The past few decades have seen the rise of global incentive programs offering payments to landowners to help reduce tropical deforestation. Until now, assessments of these programs have largely overlooked decreases in forest diversity. In what might be a first of its kind study, University of Missouri researchers have integrated forest imaging with field-level inventories and landowner surveys to assess the impact of conservation payments in Ecuador’s Amazon Basin forests. They found that conservation payment programs are making a difference in the diversity of tree species in protected spaces. Further, the species being protected are twice as likely to be of commercial timber value and at risk of extinction.
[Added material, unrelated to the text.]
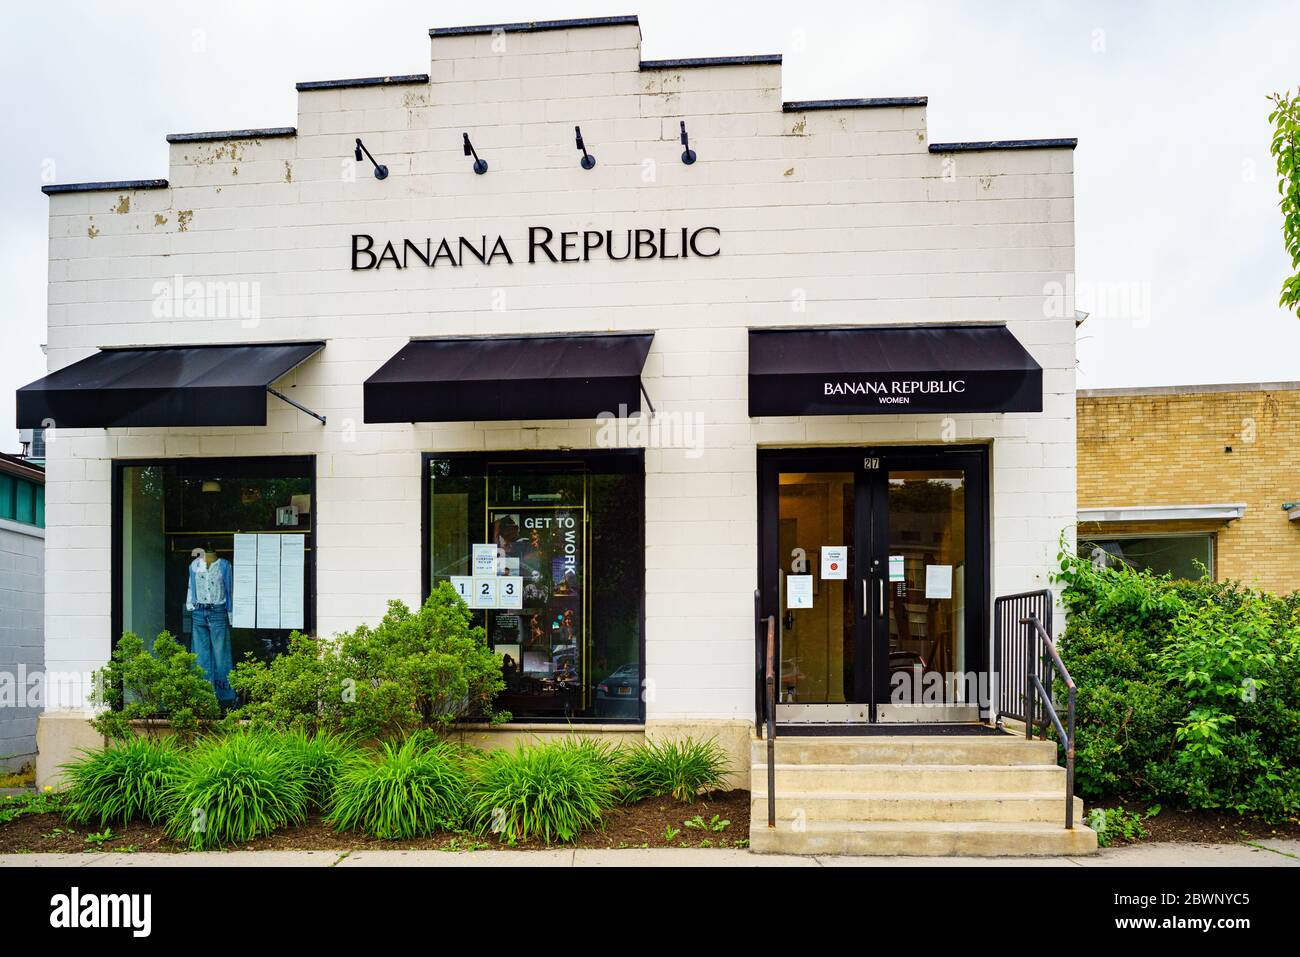 Mt. Kisco, New York May 29, 2020: As Westchester County NY begins Phase 1 of its limited reopening after the coronavirus pandemic, retail clothing stores such as Banana Republic provide curbside pickup due to the need for continued social distancing. Stock Photo

“It has been widely proven that degradation of tropical forests have major implications for carbon cycles and biodiversity; yet, destruction of these forests still occur at alarming rates,” said Francisco Aguilar, associate professor of forestry in the MU School of Natural Resources. “More than 7 billion acres of tropical rain forests were destroyed between 1995 and 2015, so policy makers established voluntary compensation programs to slow down tropical deforestation and degradation. While these programs seem to be making a difference, there aren’t enough on-the-ground evaluation tools to see if biodiversity is being maintained, too. Therefore, we looked for other ways to observe the value of these payments for forest conservation.”

Philip Mohebalian, a former doctoral student in Aguilar’s group who now works for the World Wildlife Fund, built a methodology to assess degradation in Ecuador. Using remote images, Mohebalian combined inventories of Amazon rain forests with face-to-face surveys with landowners receiving payments for their conservation efforts through Ecuador’s Socio Bosque Program (PSB).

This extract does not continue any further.